Call the pediatrician for guidance (same day) if:

  • Mild, gradual discomfort with no swelling, no vomiting, and your child looks well
  • Questions about an undescended testicle or a painless scrotal difference

If you are unsure, err on the side of safety. In triage, we would much rather evaluate a child and rule torsion out than see a child come in too late.

Common parent questions

Can testicular torsion come and go?

Yes. Some boys have intermittent torsion where pain suddenly starts and then improves. That can feel confusing and can tempt families to stay home. But intermittent torsion can become complete torsion, so it still needs urgent evaluation.

Will my child be embarrassed?

Many are. You can help by staying calm and matter-of-fact. ER teams evaluate scrotal pain often. Privacy is taken seriously, and the goal is to get your child comfortable and safe quickly.

Could it just be “growing pains” or a pulled muscle?

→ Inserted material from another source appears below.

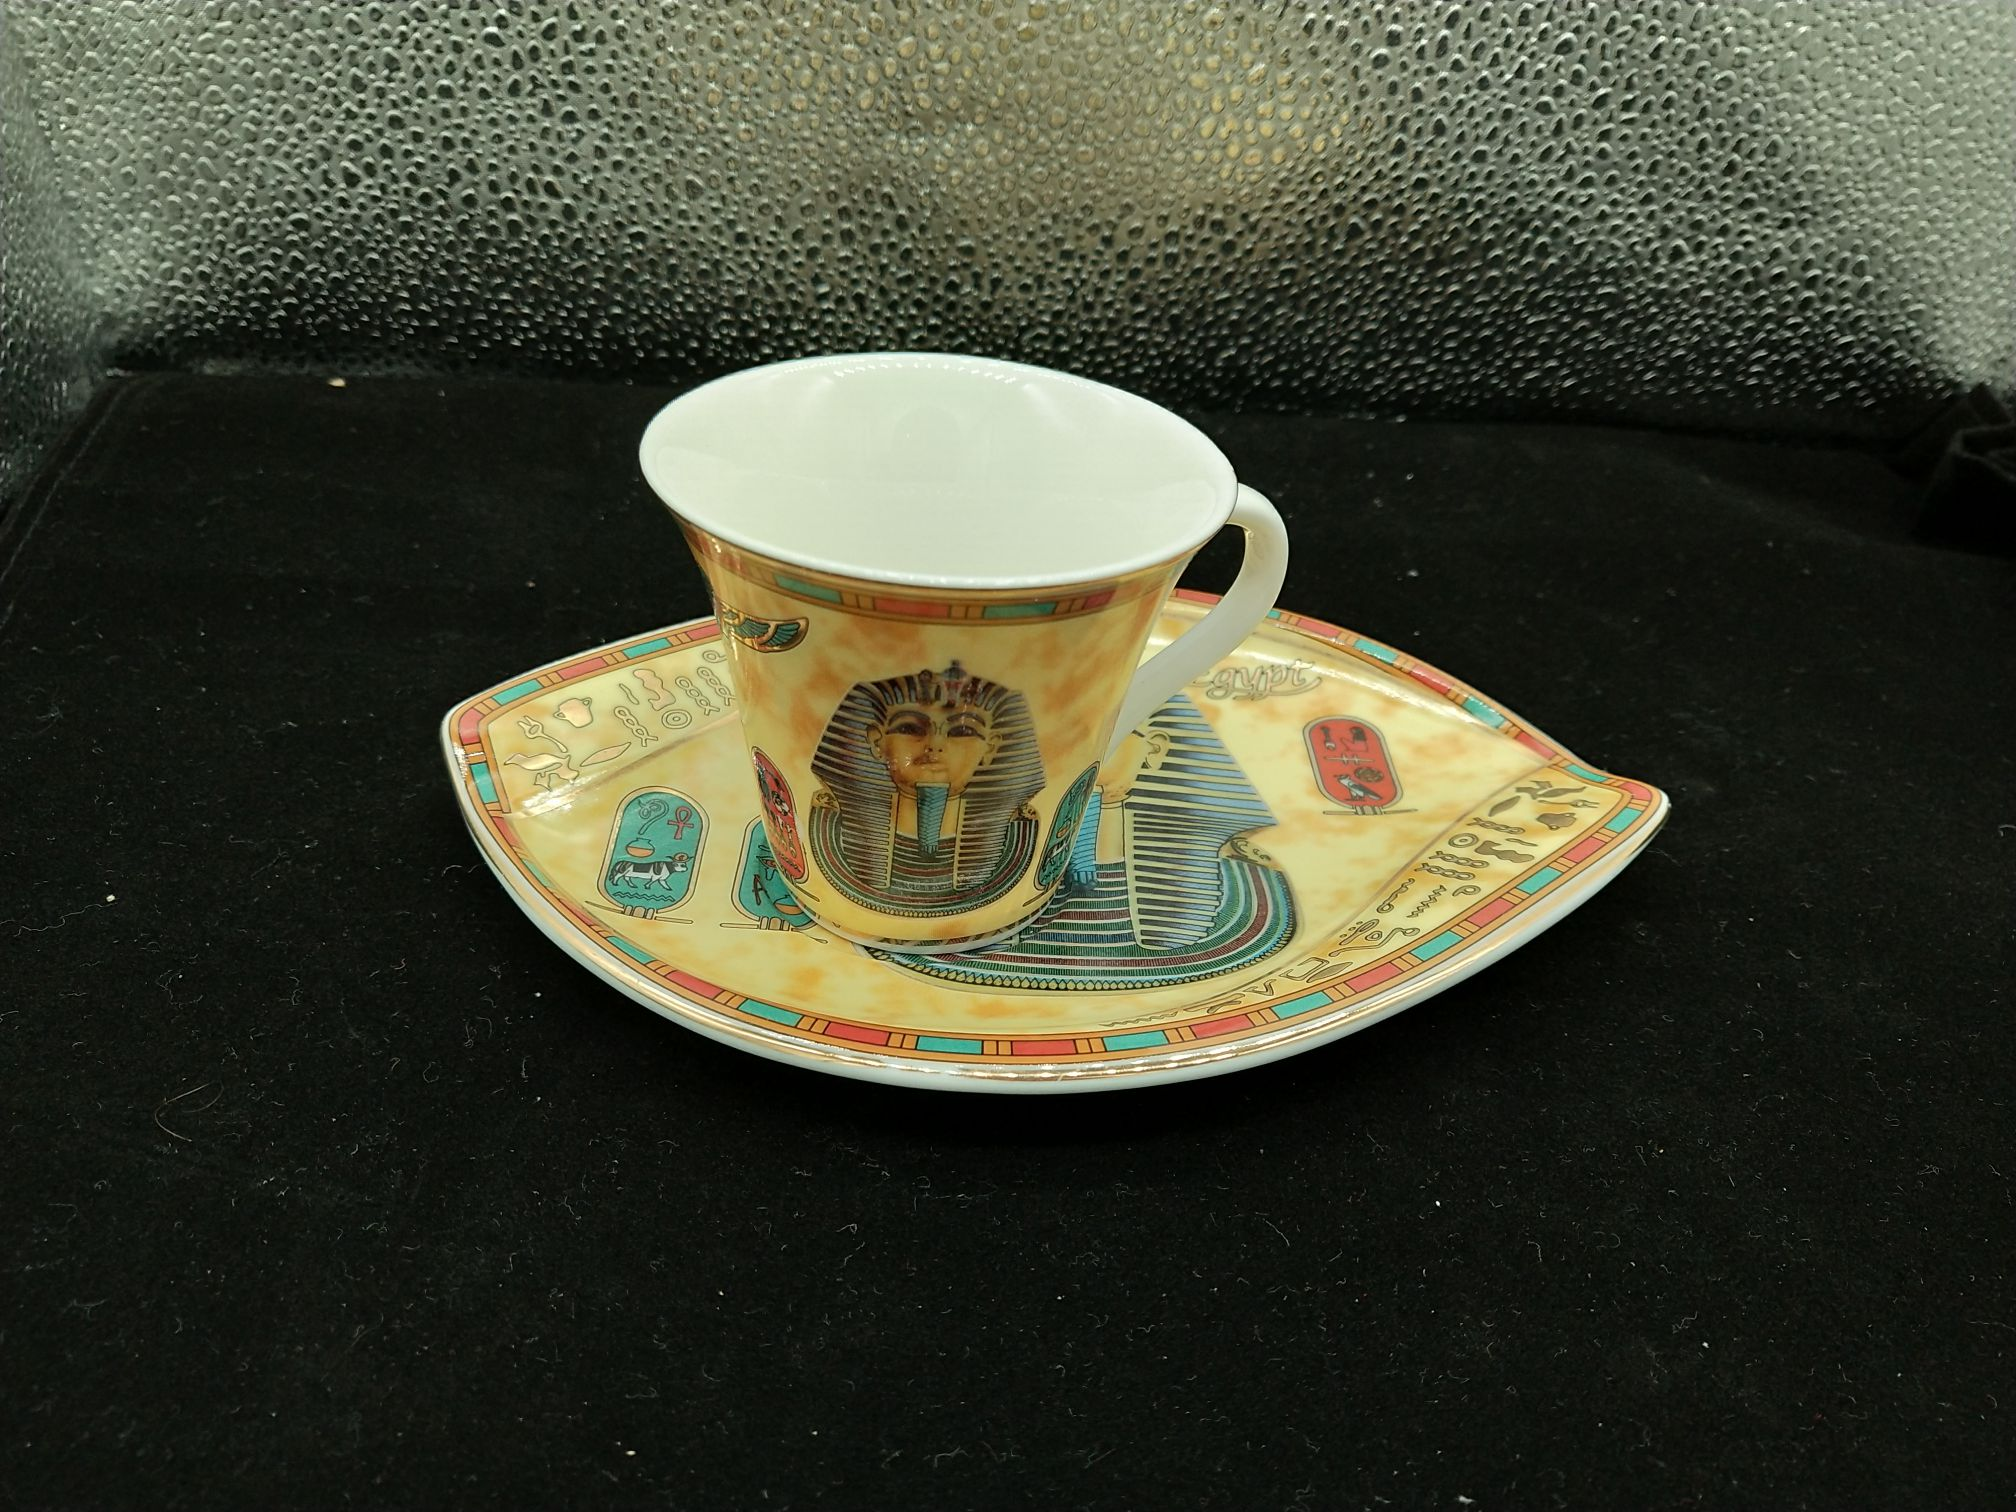 Гарантированное египетское производство. полностью новый Тутка, Египет дверь стиль Кофе ( красный Чай) чашка + блюдце, набор из 49 юаней

Groin strains happen, especially in sports. But a strain usually follows a clear activity and does not typically cause a suddenly swollen scrotum or vomiting. When the pain is sudden and located in the testicle or scrotum, torsion must be considered first.

The bottom line

Sudden scrotal or testicle pain in boys is an emergency until proven otherwise. If you suspect torsion, go to the ER right away. You are not being dramatic. You are being protective, and timing truly matters.

If you are reading this in the middle of the night with a kiddo in pain, take this as your sign to stop Googling and head in. I will be rooting for you from afar, coffee in hand.